To compare the prognostic utility of the 2-[(18)F] fluoro-2-deoxy-D: -glucose (FDG) maximum standardized uptake value (SUV(max)), primary gross tumor volume (GTV), and FDG metabolic tumor volume (MTV) for disease control and survival in patients with head and neck squamous cell carcinoma (HNSCC) undergoing intensity-modulated radiotherapy (IMRT).


Between 2007 and 2011, 41 HNSCC patients who underwent a staging positron emission tomography with computed tomography and definitive IMRT were identified. Local (LC), nodal (NC), distant (DC), and overall (OC) control, overall survival (OS), and disease-free survival (DFS) were assessed using the Kaplan-Meier product-limit method.

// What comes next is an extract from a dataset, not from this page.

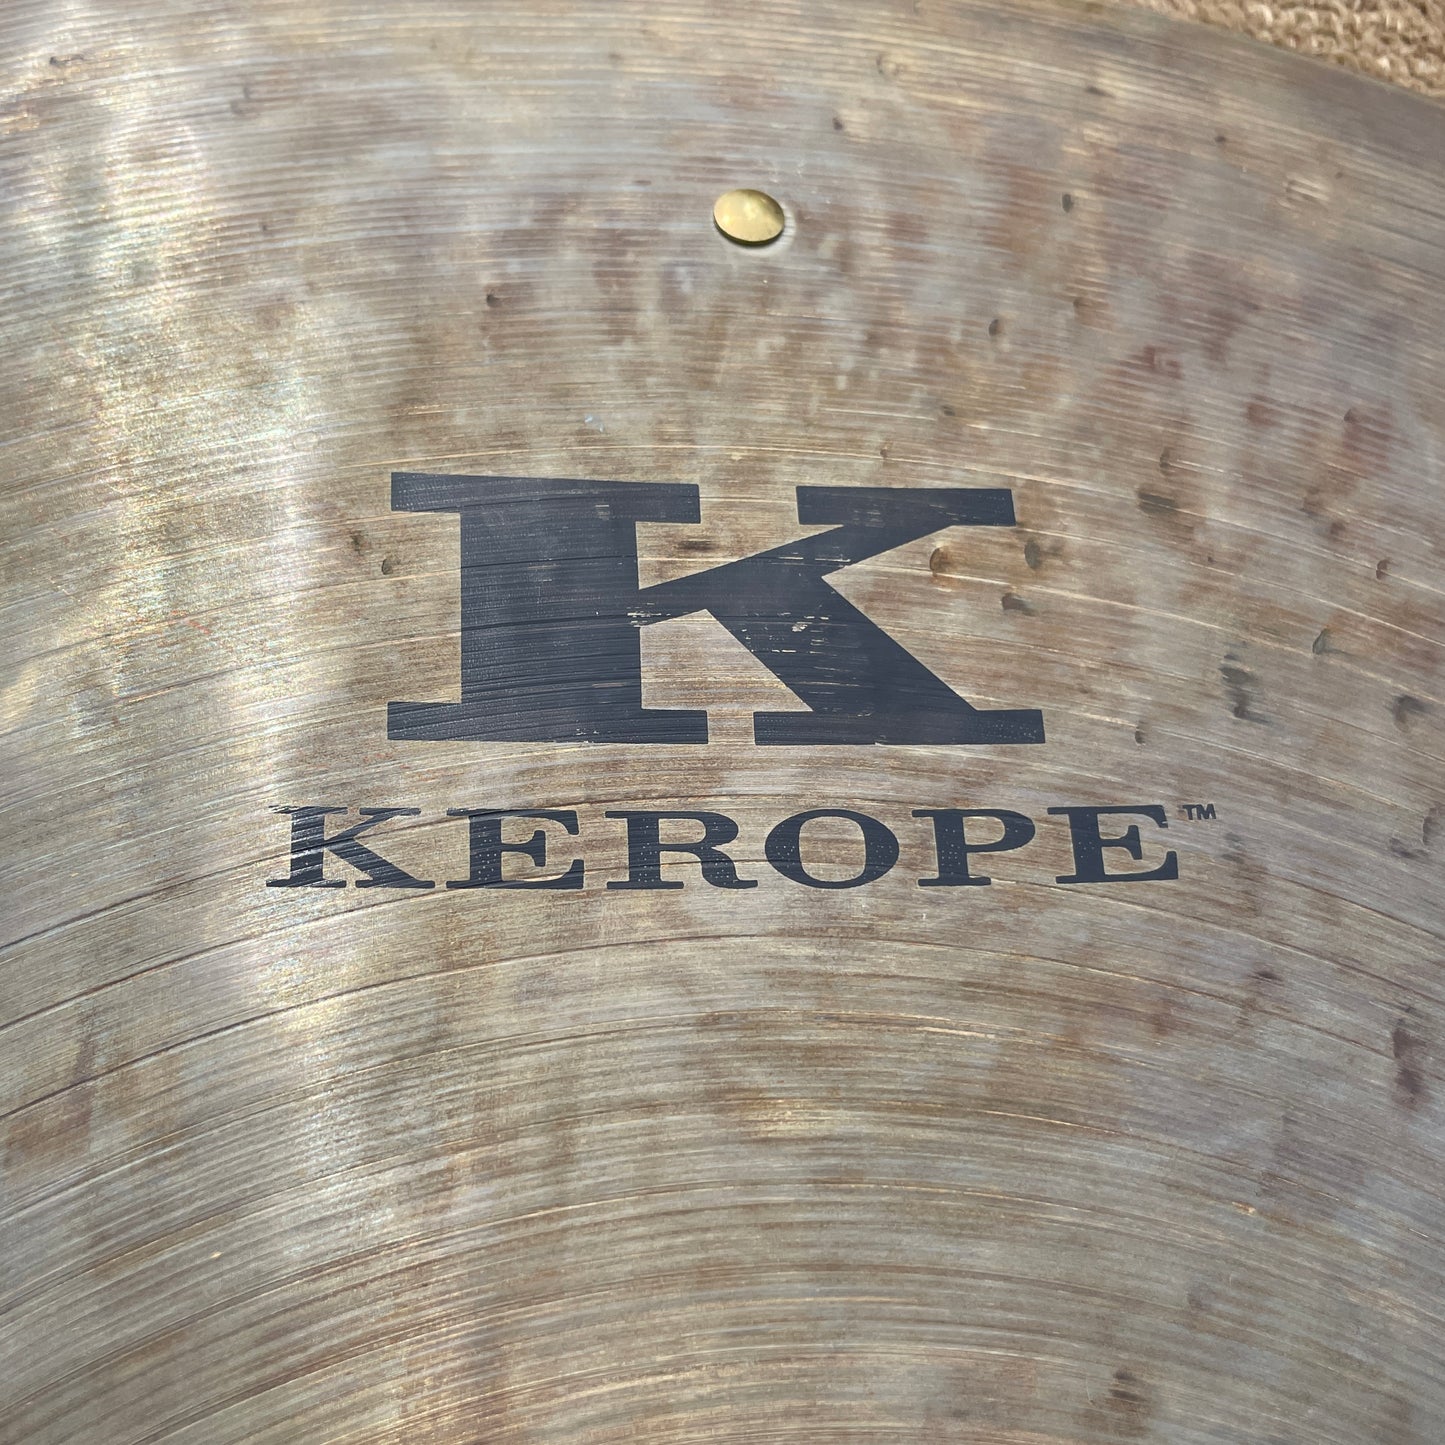 22" K Zildjian KR22R Kerope Ride Cymbal w/ 3 Rivets 2584g *Video Demo*
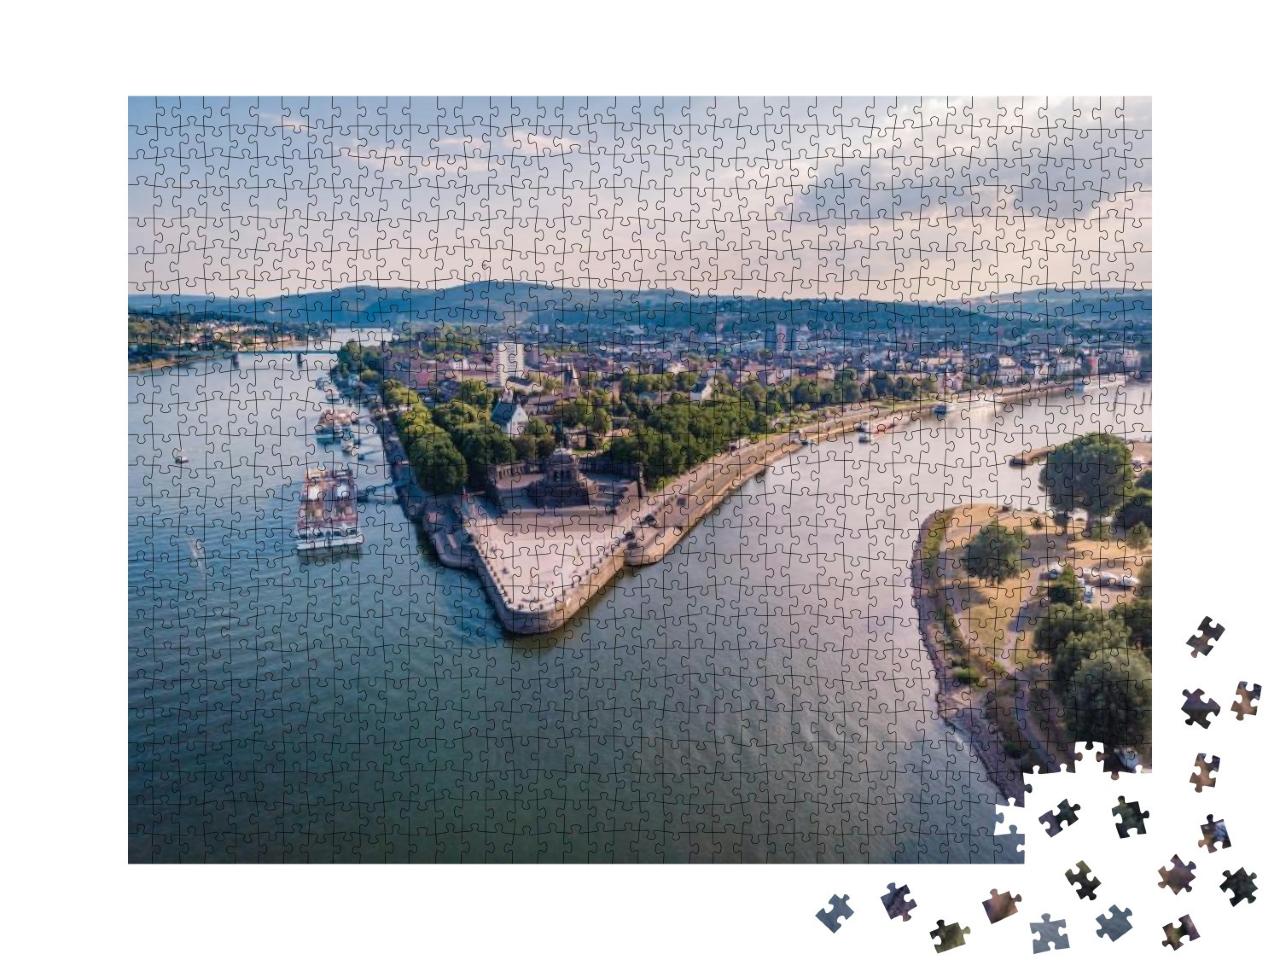 Puzzle 1000 Teile „Deutsches Eck in Koblenz: Zusammenfluss von Rhein und Mosel“

With a median follow-up of 24.2 months (range 2.7-56.3 months) local, nodal, and distant recurrences were recorded in 10, 5, and 7 patients, respectively. The median SUV(max), GTV, and MTV were 15.8, 22.2 cc, and 7.2 cc, respectively. SUV(max) did not correlate with LC (p = 0.229) and OS (p = 0.661) when analyzed by median threshold. Patients with smaller GTVs (<22.2 cc) demonstrated improved 2-year actuarial LC rates of 100 versus 56.4 % (p = 0.001) and OS rates of 94.4 versus 65.9 % (p = 0.045). Similarly, a smaller MTV (<7.2 cc) correlated with improved 2-year actuarial LC rates of 100 versus 54.2 % (p < 0.001) and OS rates of 94.7 versus 64.2 % (p = 0.04). Smaller GTV and MTV correlated with improved NC, DC, OC, and DFS, as well.


GTV and MTV demonstrate superior prognostic utility as compared to SUV(max), with larger tumor volumes correlating with inferior local control and overall survival in HNSCC patients treated with definitive IMRT.